Travis Hunter of the Colorado Buffaloes, center, celebrates after scoring a fourth-quarter touchdown against Utah at Folsom Field last month.Photograph: Dustin Bradford/Getty Images
The Heisman Trophy is college football’s supreme individual honor, an annual tribute to the best player in the game, and more often than not it’s the country’s top quarterback who takes the prize. But this could be the year Colorado’s Travis Hunter breaks with tradition.
Hunter is college football’s mind-warping dual threat, a game-changing wide receiver and cornerback. It’s not uncommon for the nation’s best college football prospects to play offense and defense as high schoolers, especially if there aren’t enough bodies to fill out every position on the roster. At the highest levels of the college game, though, “ironman” players are confined to specialty roles on one side of the ball or the other. Why? Because why double the injury risk? Why mess with convention?

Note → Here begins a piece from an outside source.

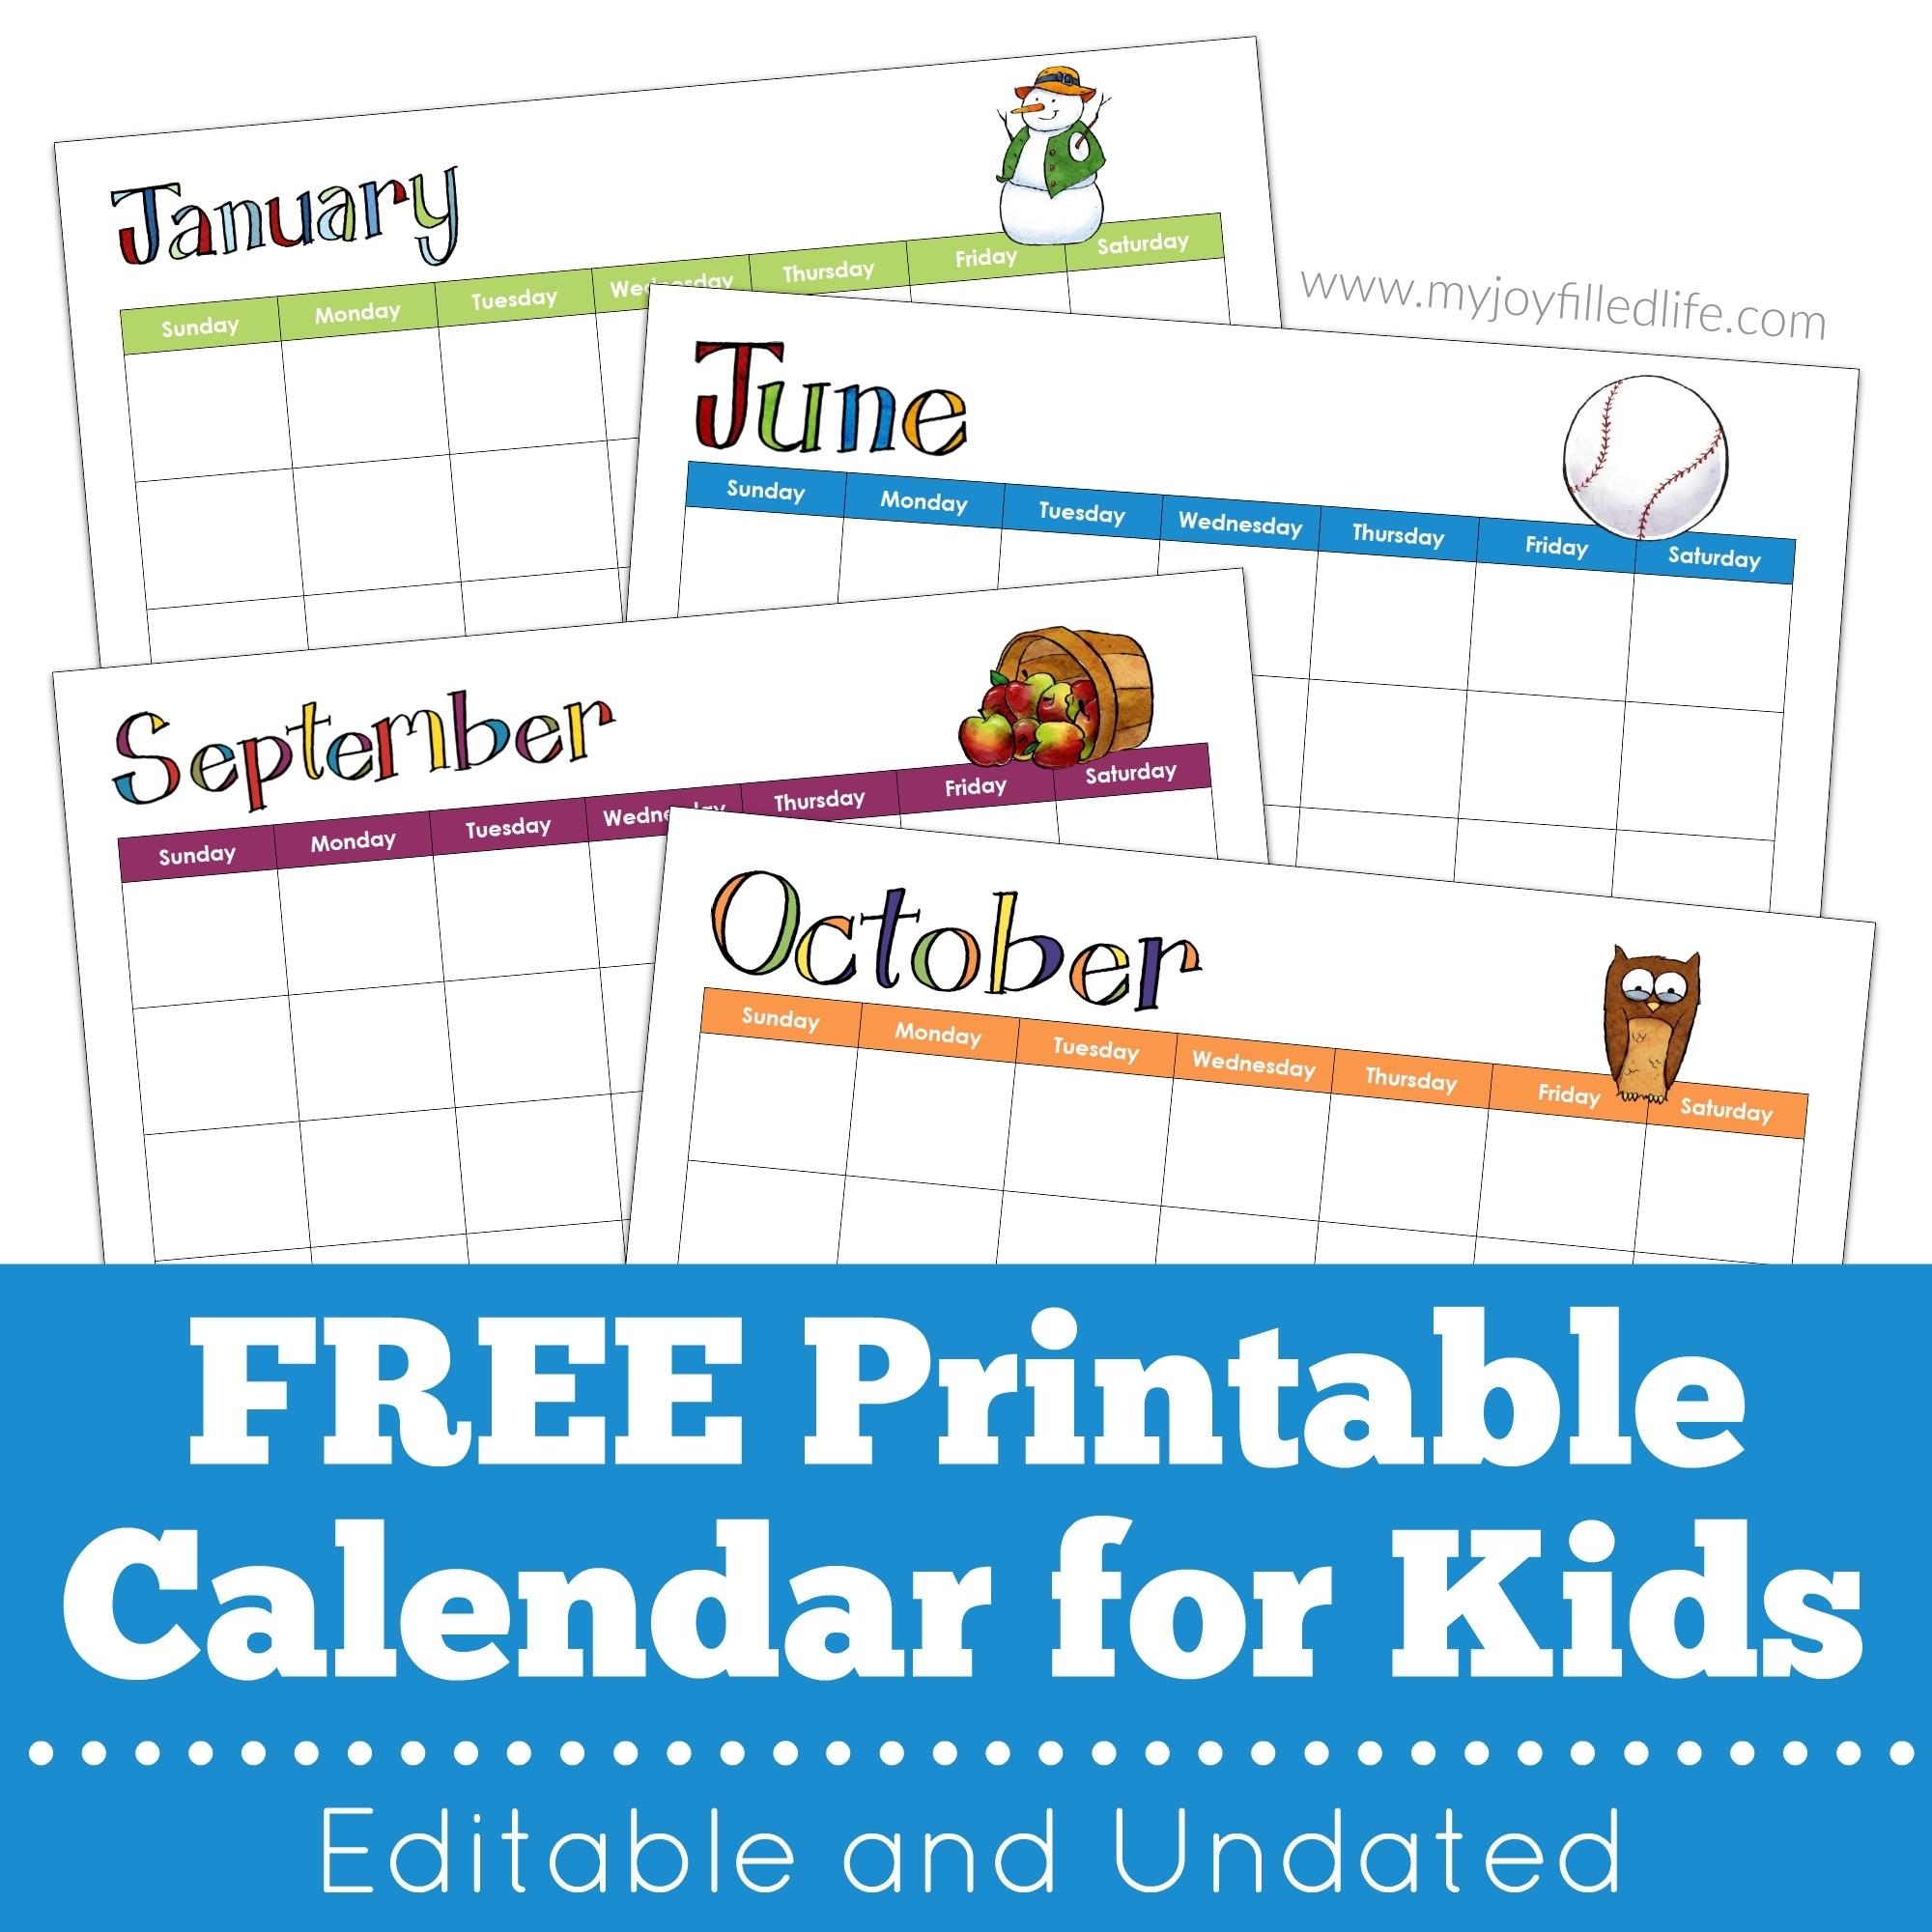 Printable Calendar - Editable & Undated - My Joy-Filled Life in Undated Printable Monthly Calendar Free

Related: Bling to wins: Deion Sanders has struck fear into the college football establishment
But Deion Sanders, aka Colorado’s Coach Prime, has never been one to bow to convention. Famously, he set the standard for modern day ironmen in professional sports at the turn of the century – dominating the NFL as a shutdown cornerback, big-play receiver and kick returner while also dazzling Major League Baseball with his prowess as a hitter and baserunner. When Sanders pivoted to coaching college football in 2020, jumping straight into the head job at Jackson State University, his first call was all-out recruiting blitz for Hunter, the nation’s top high school recruit as a defensive back.
Thing is, Hunter had already verbally agreed to play at Florida State, the school where Sanders broke onto the national scene, with the explicit intention of following the…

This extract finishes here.